A first service of summons was effected on Rutgers Construction Co. in June, 1963. It moved to vacate the service upon the ground that it was not subject to the jurisdiction of the court, which motion was granted after a hearing and confirmation of the Referee’s report. Said defendant attaches a copy of the *99report of the Special Referee dated November, 1964 to support its defense of res judicata. That report with its findings, confirmed by the court, establishes instead the validity of the second service of summons effected on January 18, 1965, after the taking effect of CPLR (Sept. 1, 1963).

The Special Referee found that, while Rutgers Construction Co. was “ doing business ” in New York from 1959 to May, 1962, there was no showing of such doing of business in this State on June 13, 1963, the date of service, as would render it amenable to process of our courts. As CPLR does not have retroactive effect to prior actions jurisdictionally defective for improper service (Simonson v. International Bank, 14 N Y 2d 281), the attempted service in June, 1963 was set aside.

Obviously, that determination cannot be res judicata with respect to the second service of summons subsequently effected pursuant to and in reliance upon the different provisions of CPLR. The same situation prevailed in Singer v. Walker (one of the tri-partite cases recently decided by the Court of Appeals, see Longines-Wittnauer Co. v. Barnes & Reinecke, 15 N Y 2d 443, 465-467), where a first service upon a foreign corporation prior to enactment of CPLR 302 was set aside on the ground that it was not “ doing business ” in New York under the jurisdictional standards applicable thereto, but the second service after the effective date of CPLR was sustained as embraced within the governing provisions of CPLR 302.

The defense of lack of jurisdiction with regard to the second service in this action must likewise be dismissed.

CPLR 3211 (subd. [b]) now provides by amendment, effective September 1, 1965, for a plaintiff’s motion to dismiss a defense not only on the ground that a defense “ is not stated ” but also that it ‘ ‘ has no merit. ’ ’ Although it had been held that plaintiff could under this subdivision move to dismiss a jurisdictional defense and obtain an immediate hearing of any issues of fact without waiting for such disposition at the trial with consequent problems of delay and the Statute of Limitations if the service was then set aside (Kukoda v. Schneider, 41 Misc 2d 308), the amendment removes any question as to such procedure.

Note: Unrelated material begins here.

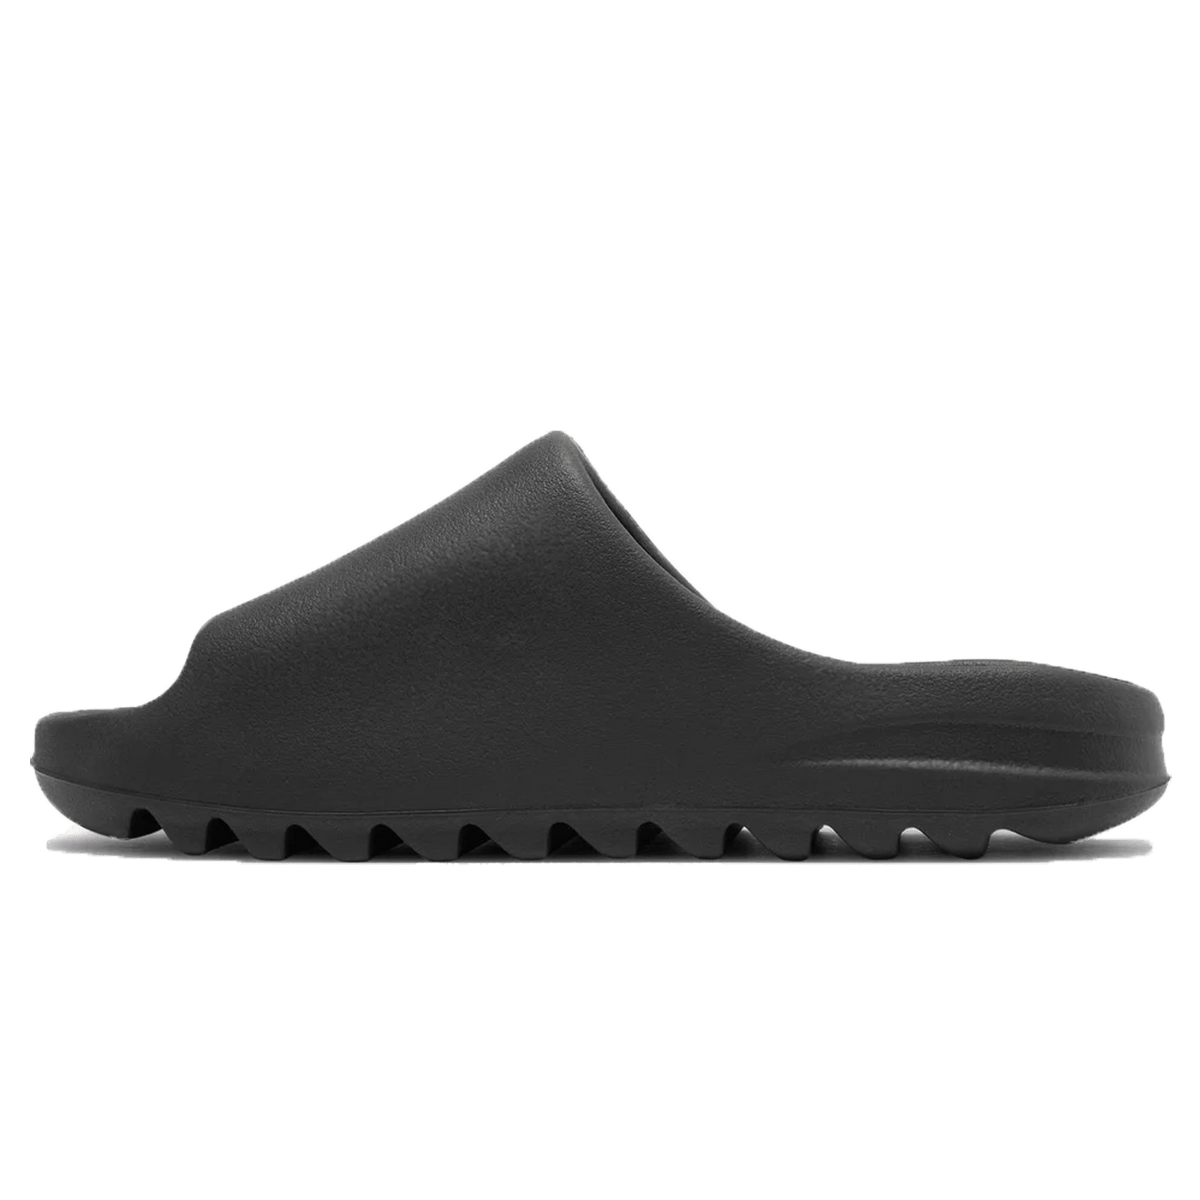 adidas Yeezy Slide 'Onyx' - Kick Game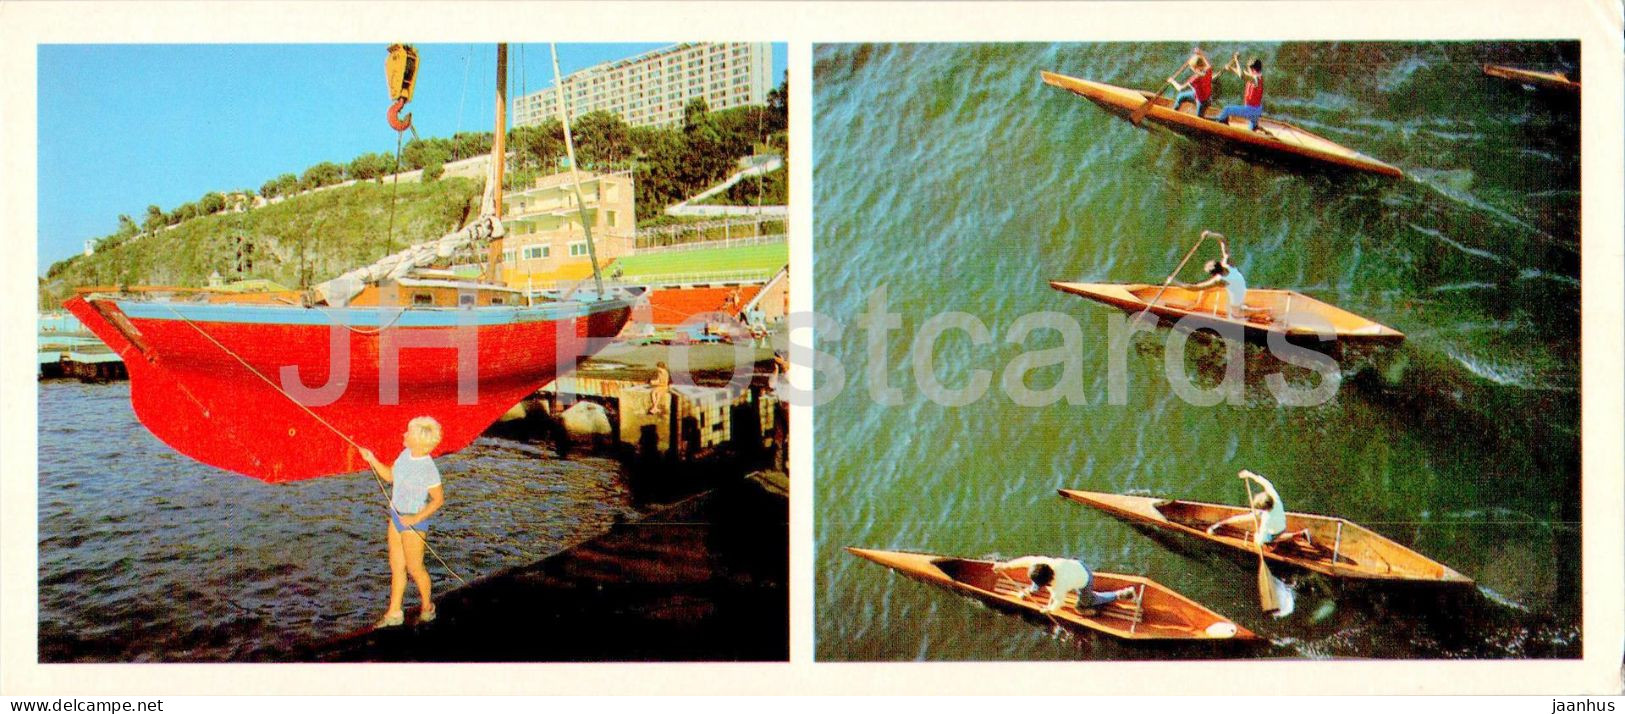 Vladivostok - Water Sport - Boat - Yacht - Canoe - 1981 - Russia USSR - Unused - Russland

Thus, if a defendant as a tactical maneuver interposes a jurisdictional defense rather than move under CPLR 3211 (subd. [a], par. 8) to dismiss on such ground, plaintiff may counter by moving-under CPLR 3211 (subd. [b]) to dismiss it and obtain a prompt disposition of that jurisdictional issue.

Here no hearing is necessaiy, since the Special Referee’s findings based on the evidence presented by these parties include a specific finding covering the direct issue now involved. *100Such finding is to be given the effect of a collateral estoppel as to the same issue between the same parties in the present action.

The Special Referee found that the books of account of Rock-Ledge House, Inc. showed payments made to Rutgers Construction Co. between May 7, 1959 and August 5, 1960. That is the tortious act complained of by plaintiff in this action, out of which her alleged cause of action arises. An action for waste of corporate assets is for injury to property sounding in tort and any act of such a nature is a tortious act. Since it was committed within the State, service was properly effected under CPLR 302 (subd. [a], par. 2). Moreover, since this was part of the “ transaction ” of business by Rutgers Construction Co. within the State, as clearly indicated in the Special Referee’s report, and plaintiff’s cause of action arises therefrom, service can also be sustained under CPLR 302 (subd. [a], par. 1).

It should be noted that this disposition is solely with regard to the defenses pleaded and cannot and does not affect the determination on the trial of whether the alleged tortious act was wrongful. The sole issue before the court now is whether jurisdiction has been obtained. The merits of the action are, of course, for the trial court.

The motion to dismiss these affirmative defenses is accordingly granted.